Saki’s “Sredni Vashtar” and its cinematic adaptation “Child’s Play” are similar in their usage of Man Vs. Man and Man Vs. Nature conflicts to develop the four major characters and the themes that love is a power struggle, people use religion to make up for their own inadequacies, and religious rites and ornamentation lend legitimacy to prayer.
In both versions of the story, the settings of the manor and tool shed are the strongholds of Mrs. De Ropp and Conradin, respectively, in their Man Vs. Man conflict. The plots are also similar: the toothache, removal of the Houdan hen, and prayers to Sredni are part of the rising action; Mrs. De Ropp’s fateful visit to the tool shed is the clima; the servants’ search for the mistress is the falling action, and Conradin’s “slow enjoyment of eating” forbidden food is the resolution. In both tales, Mrs. De Ropp experiences glorious victory in her Man Vs. Nature conflict with the hen and mortifying defeat in her Man Vs. Nature conflict with Sredni.
In each story, Conradin is the protagonist, a weak but imaginative youth diagnosed to “not live another five years” and whose religious fervor degenerates into ferocity with his war prayer:
Sredni Vashtar went forth,
His thoughts were red thoughts and his teeth were white.
His enemies called for peace, but he brought them death.

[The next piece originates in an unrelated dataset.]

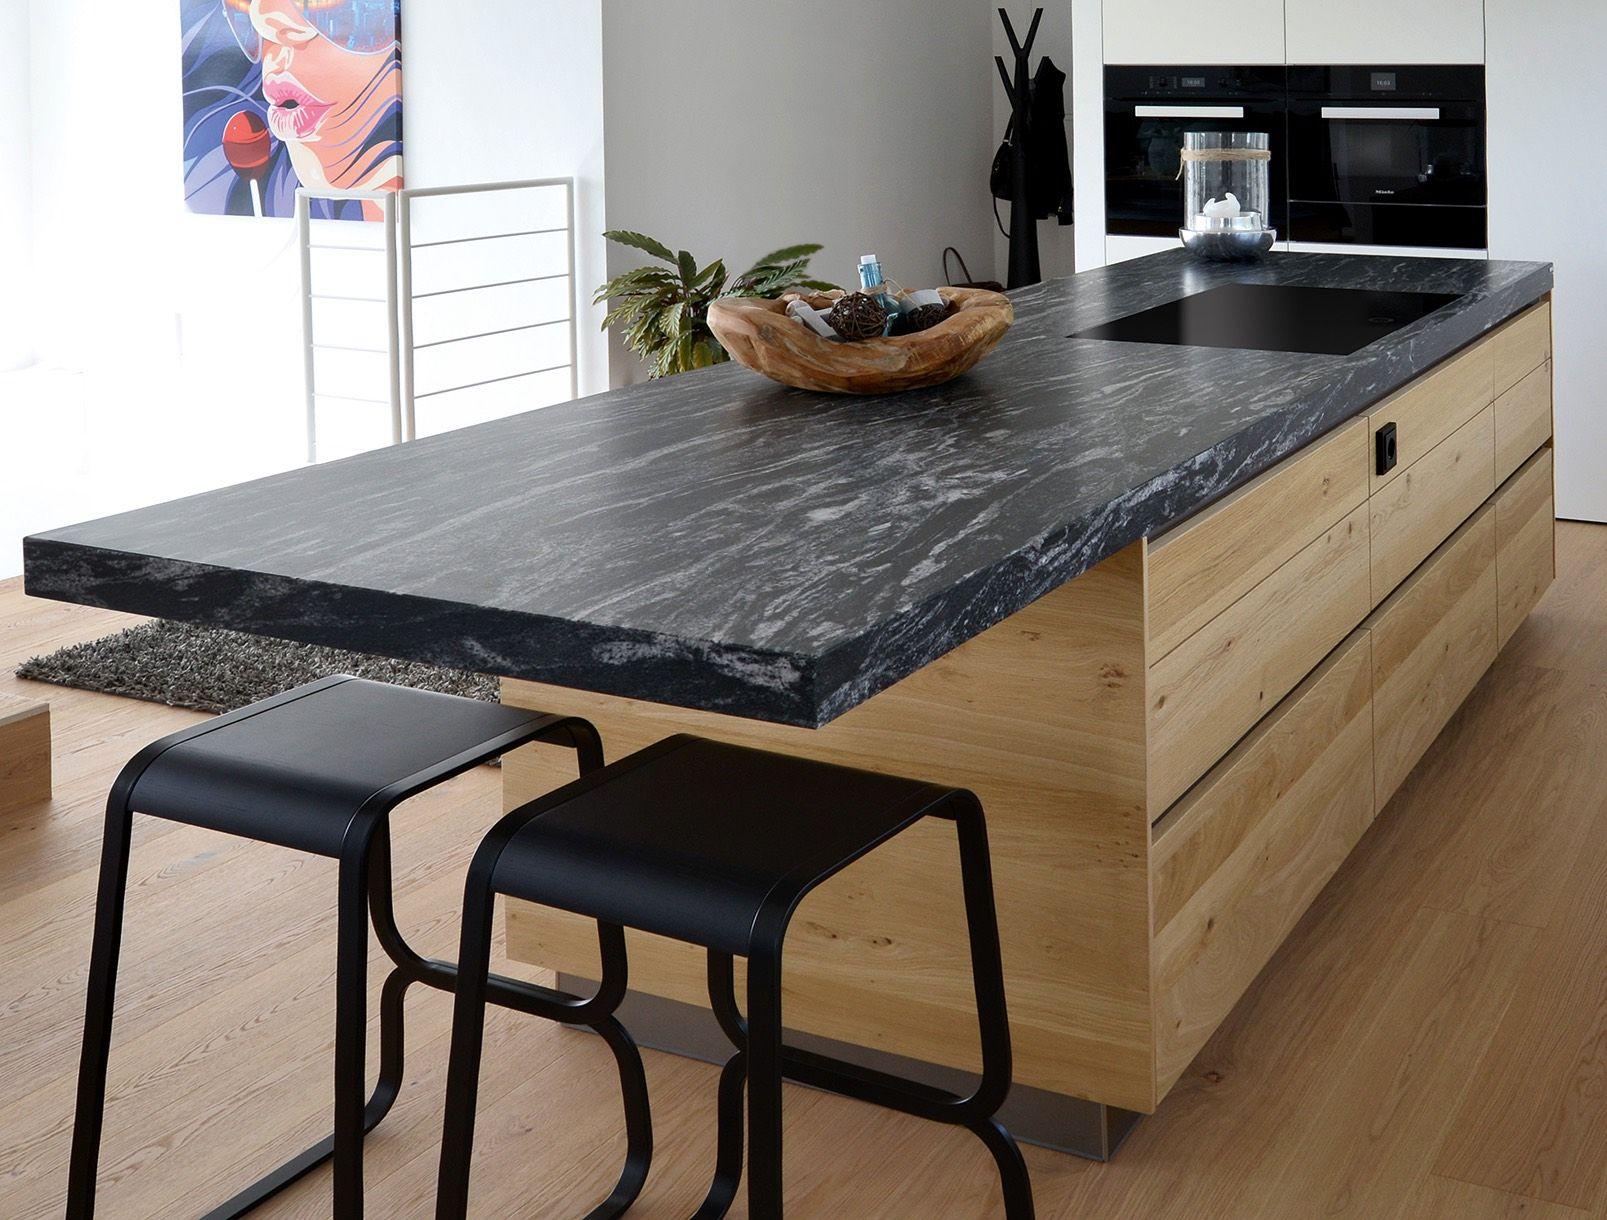 Küchendesign marmor black skorpionuc u tiefgründig  küche  pinterest

Sredni Vashtar the Beautiful.
Mrs. De Ropp is the antagonist, an overbearing cousin who symbolizes “those three-fifths of the world that are necessary and disagreeable and real.” Sredni Vashtar is a ferocious polecat-ferret which Conradin purchases from the butcher’s son and which personifies physical power and violent aggression. The hen is an innocent bystander who becomes a pawn in the battle between Conradin and Mrs. De Ropp. His disappearance from the tool shed is the catalyst for Conradin’s hatred of Mrs. De Ropp evolving into homicidal feelings; every night after, he prays at the altar to his beast, “Do one thing for me, Sredni Vashtar.”
Because the primary conflict of both stories in a Man Vs. Man struggle between family members, each presents the theme that love is a power struggle. Both include Conradin’s worship of and fanaticism for Sredni Vashtar in the rising action and climax of his conflict with Mrs. De Ropp and thus present the themes that people use religion to make up for their own inadequacies and religious rites to give their prayers legitimacy.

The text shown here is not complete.